### Prompt
Exactly the lines from the one containing "Førerløse biler vil" through the final line of the data below, with pictures omitted, make up the answer.

### Source material
= Beginning of Section =

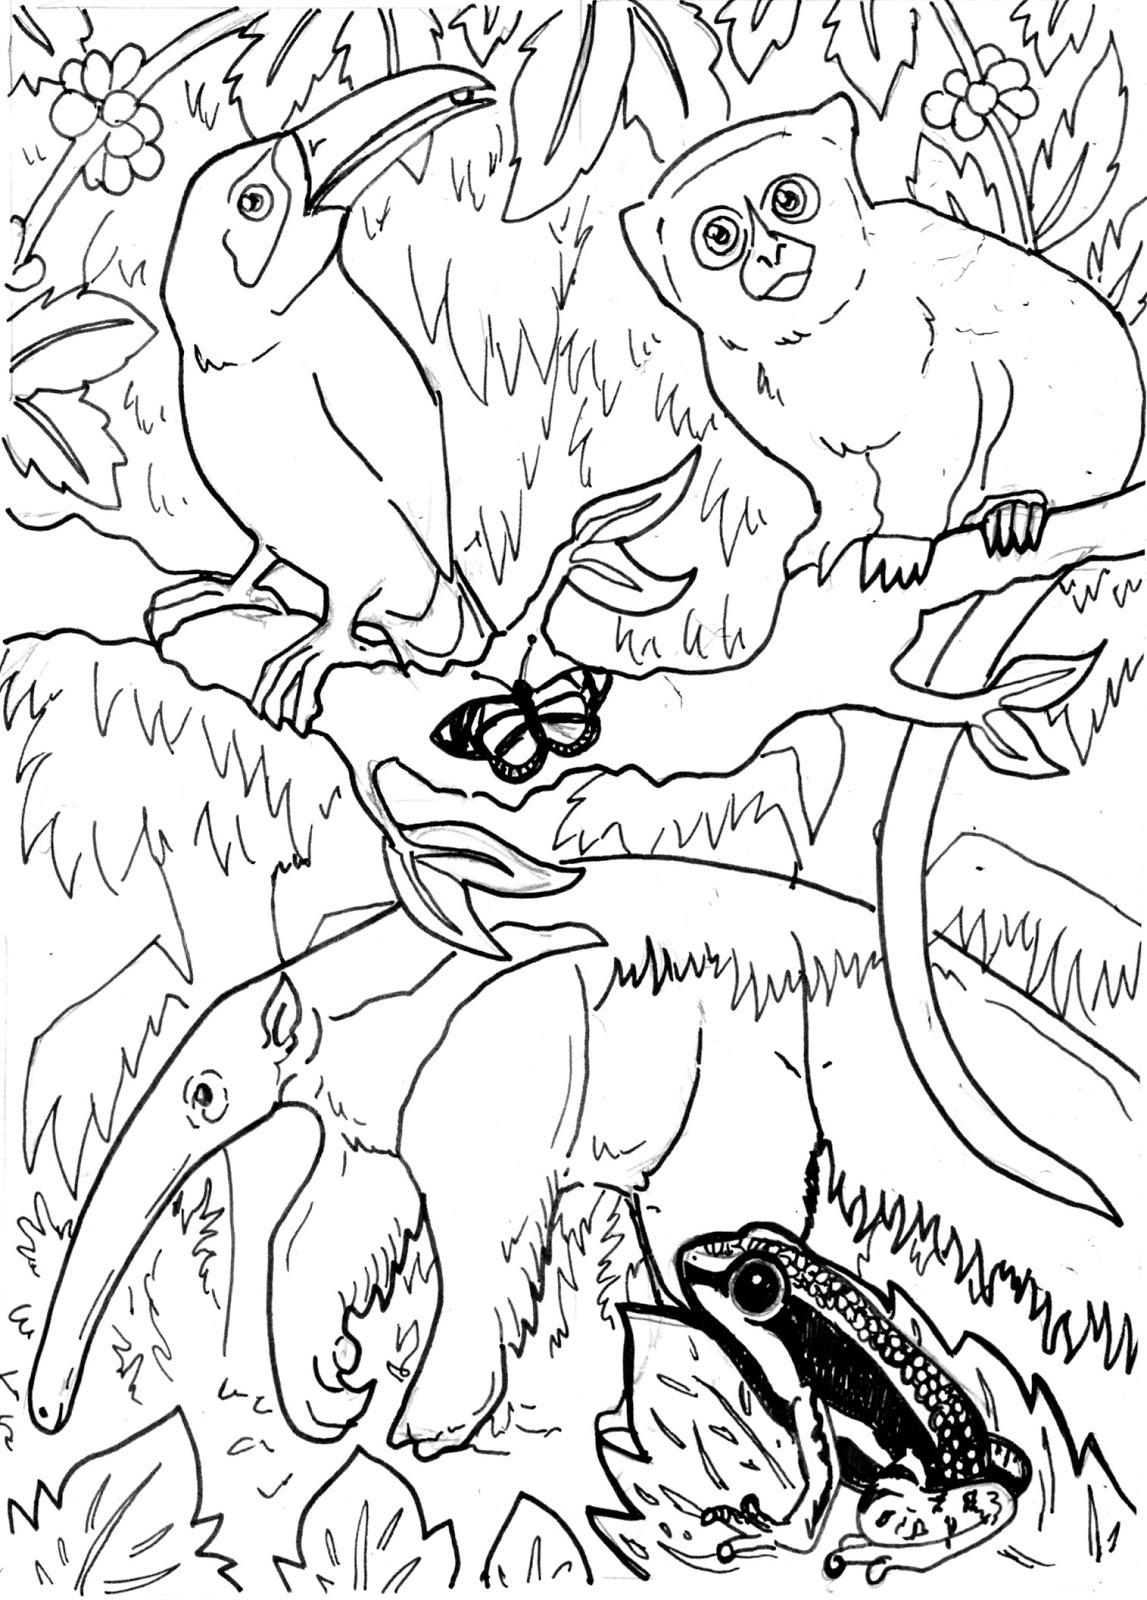 Drawn rainforest Colouring Pages The LemurKat: The
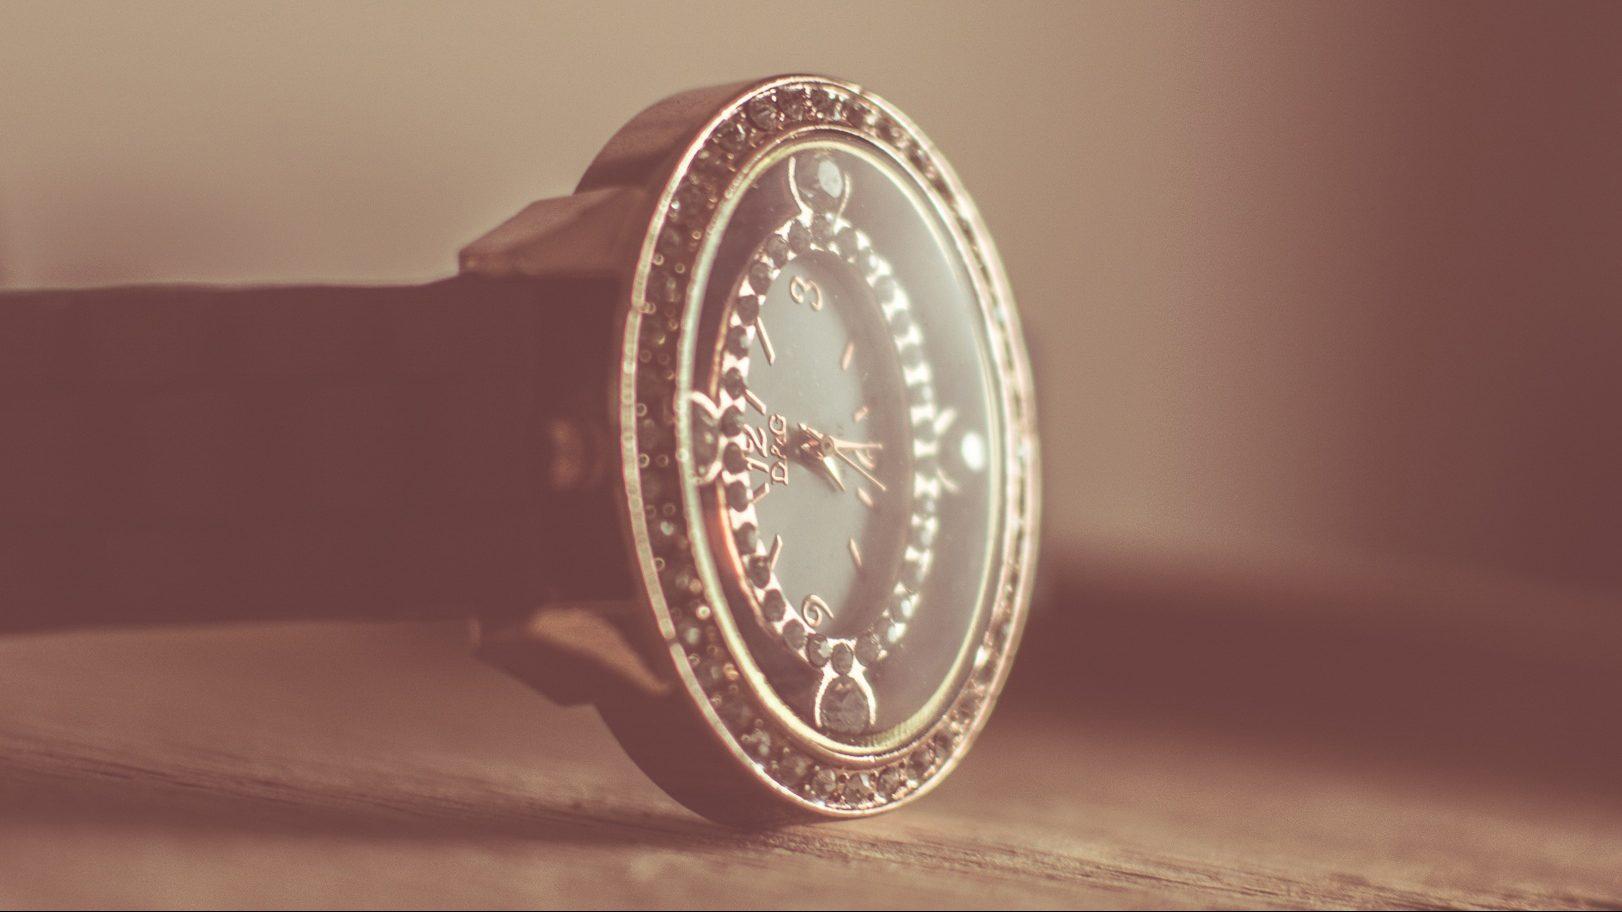 Die alte Ruhla-Armbanduhr
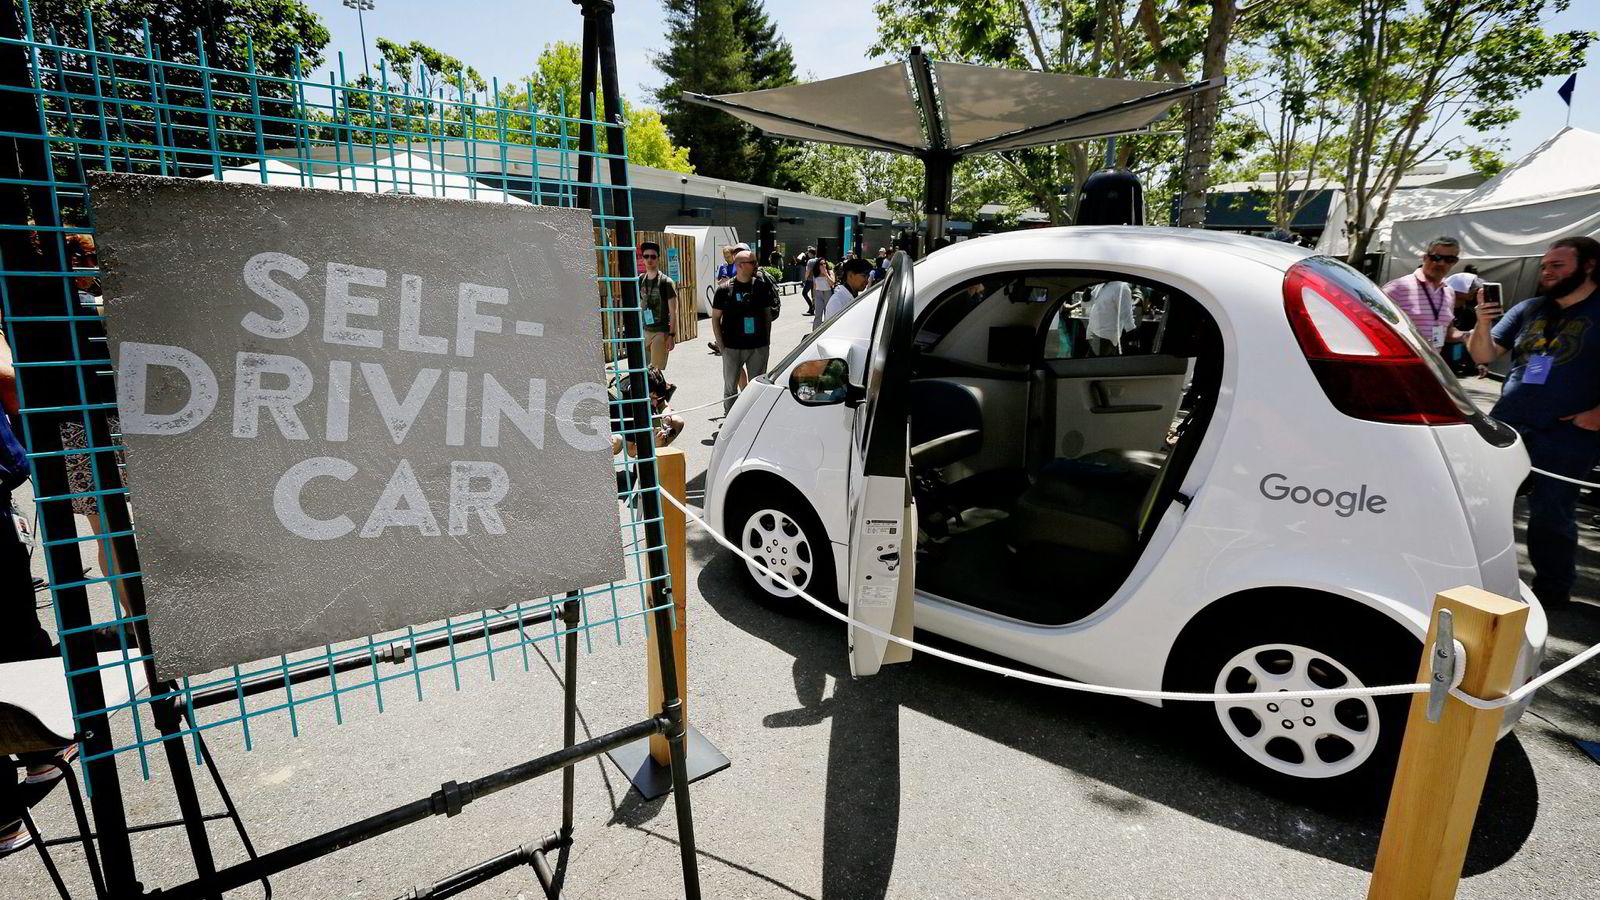 Førerløse biler vil by på moralske problemer når den skal programmeres for valg i ulykkessituasjoner. Foto: Eric Risberg/Ap/NTB Scanpix
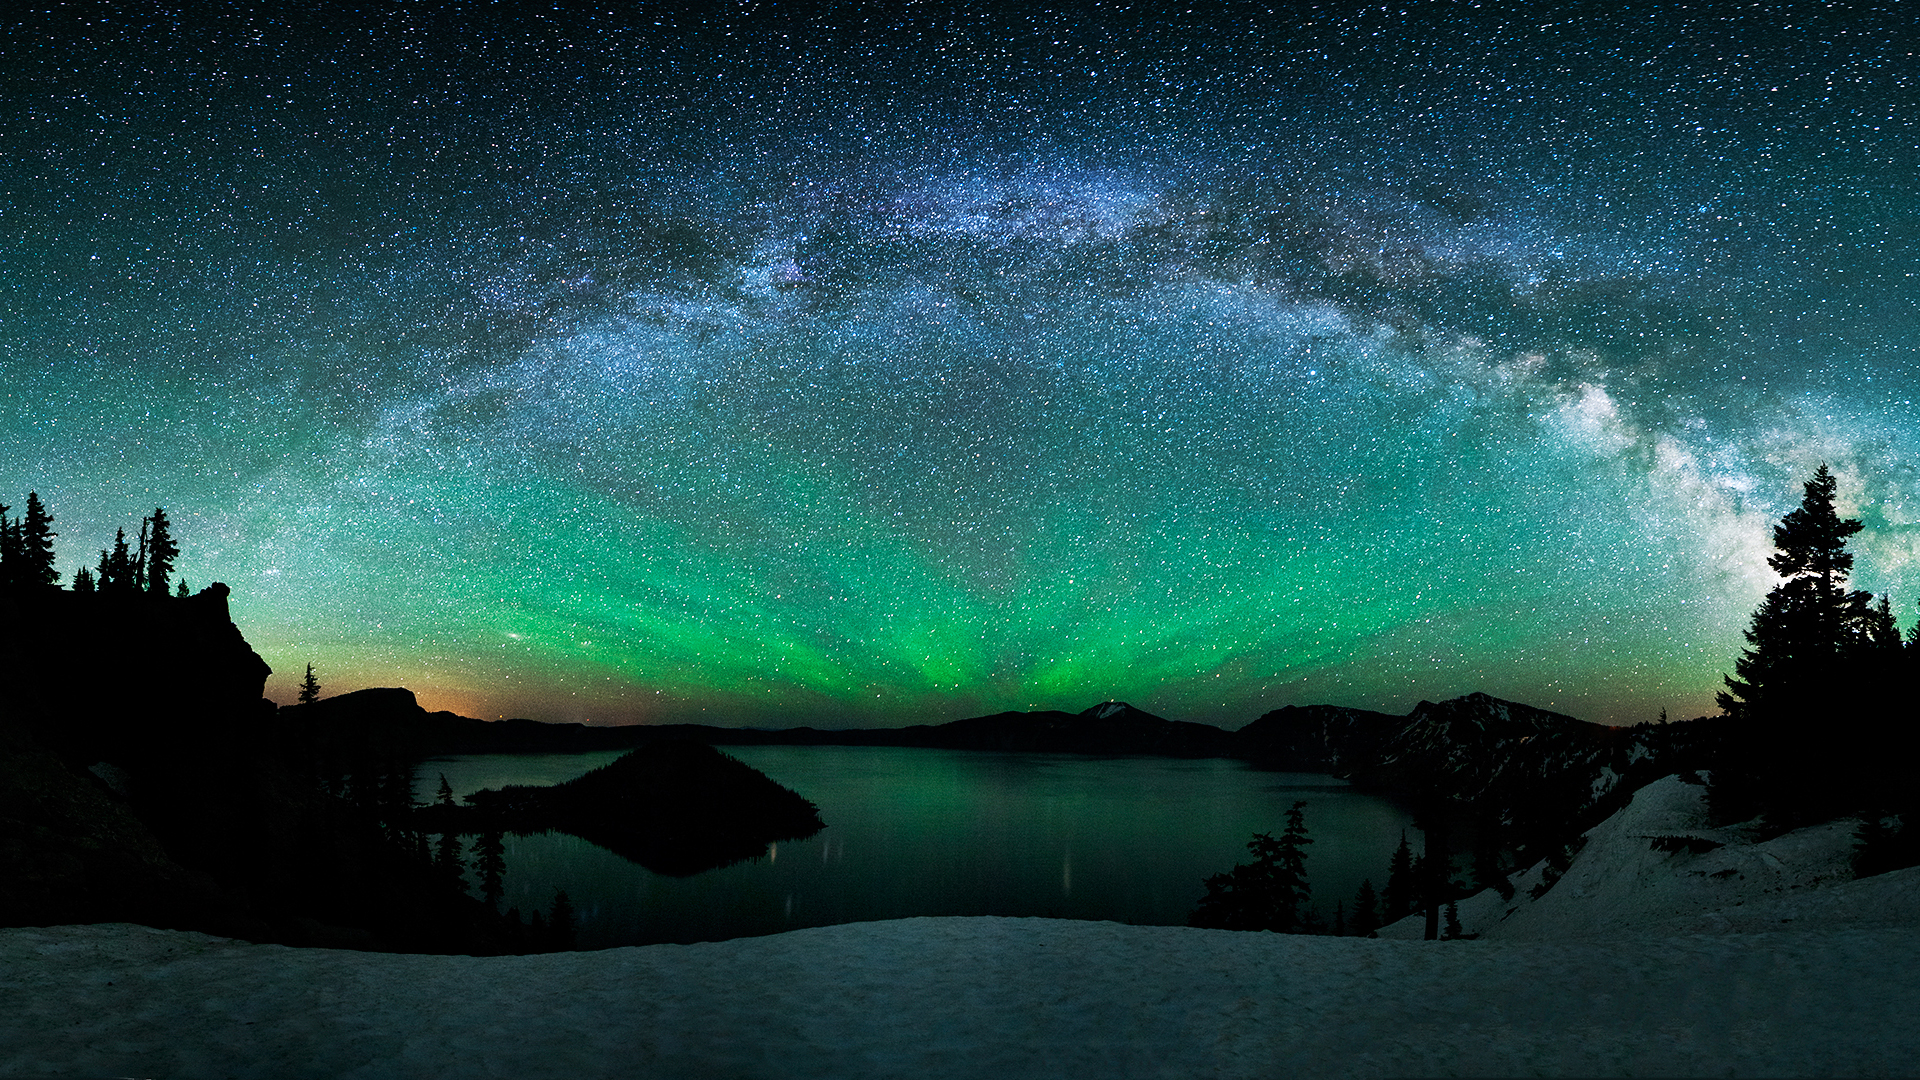 stars winter snow Northern Lights aurora borealis wallpaper background 1920x1080

= End of Section =

### Worked solution
 Førerløse biler vil by på moralske problemer når den skal programmeres for valg i ulykkessituasjoner. Foto: Eric Risberg/Ap/NTB Scanpix
 stars winter snow Northern Lights aurora borealis wallpaper background 1920x1080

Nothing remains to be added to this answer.